Soon, she got a job with Northern Pines Mental Health working at Aitkin High School as a mental health counselor. Now, she works at Crosby-Ironton at a grade school. Koop works as a real estate agent for Coldwell Banker’s Crown Realtors Crosby office.
He joined The American Legion in Colorado outside the PX. A guy had a table, and Koop signed on with the at-large Minnesota post. He knew Ironton had a Legion post. He had been there when he was 21, and he had experienced a welcome-home celebration there, too.
When he got back to Minnesota, he transferred his membership to Ironton Post 443. By the fourth meeting, they made him first vice commander. He had ideas, but they didn’t care for his ideas. He stopped going.
Then he realized they really needed help, and he wasn’t going to just give up. Koop returned and explained that meetings are on the same days he has darts league. They changed the date of the monthly meeting. Koop then got a buddy to join so he wouldn’t be the only young buck in his post.
He was good with numbers. He became the finance officer. Then he was the membership director. If there was a need, he chaired it, including baseball.
Koop was the commander for the Aitkin-Crow Wing County Council from 2017 to 2023. He served as 6th District commander 2023-24. Koop is the service officer, judge advocate and gambling manager for Post 443. He’s been gambling manager since 2016, and he set to work to modernize the system, like using CG Made Easy software to produce monthly tax returns.
The post handles gambling for the bar at the post and at the Town Tavern next door.

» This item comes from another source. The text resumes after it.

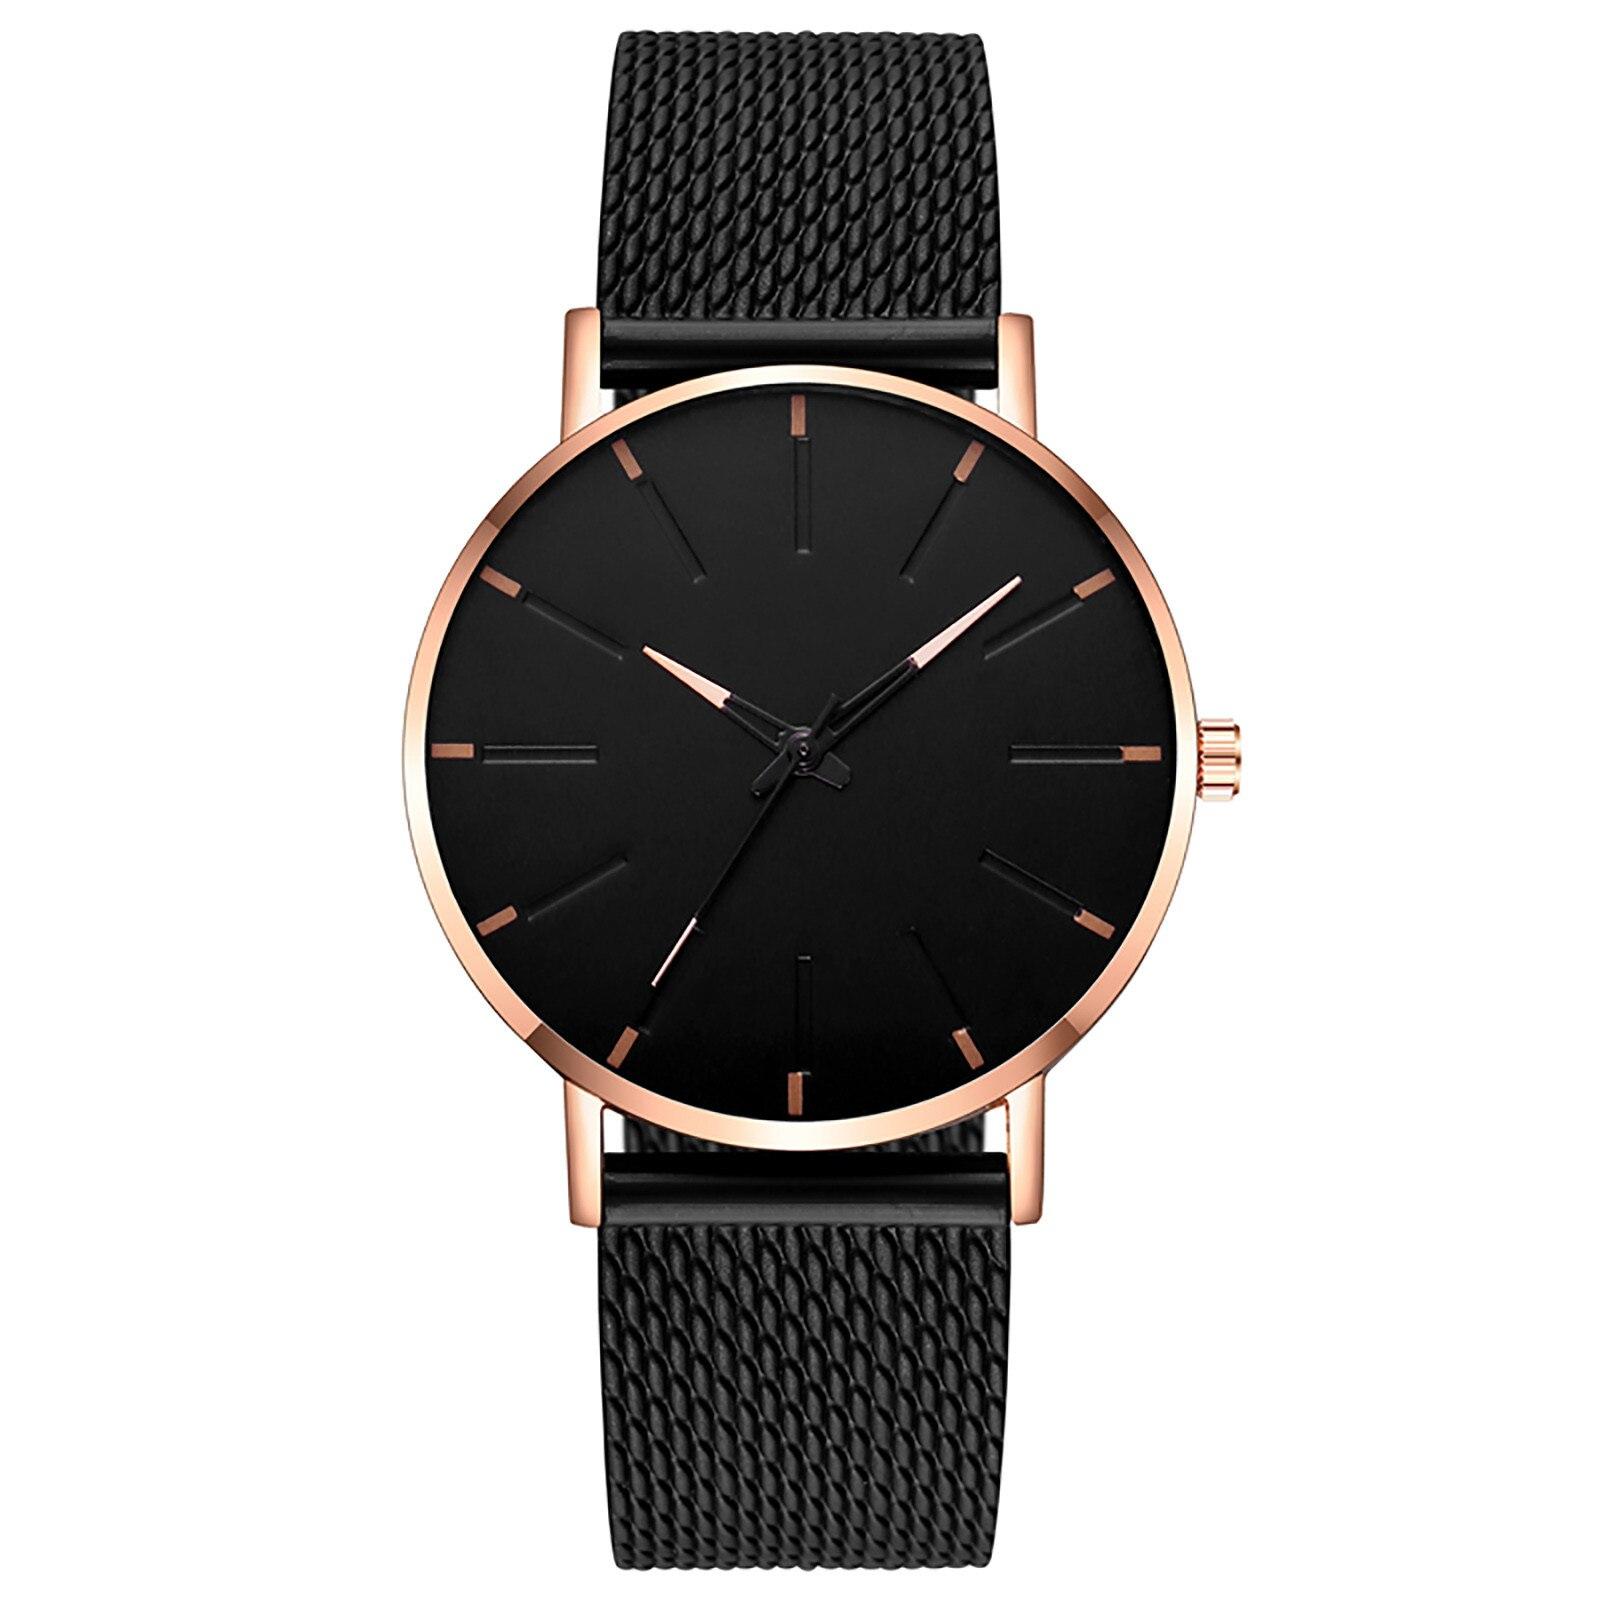 Minimalist Women Fashion Ultra Thin Watches Simple Ladies Business Stainless Steel Mesh Belt Quartz Watch часы женские наручные умные часы huawei watch steel mesh mesh серебряная сталь 42mm

In the 6th District, Koop is the post development chairman and assists with media and membership. At the Department of Minnesota, he is the liaison to the Legionville Board of Directors.
Anthony and Erin have two children. Marek, 10, is their son, and Maren, 8, is their daughter. They live on a dead-end road in the country, surrounded by a farmer, a retired cop, retired CPA, a doctor, a retired teacher, corn fields, a pole barn and pine trees.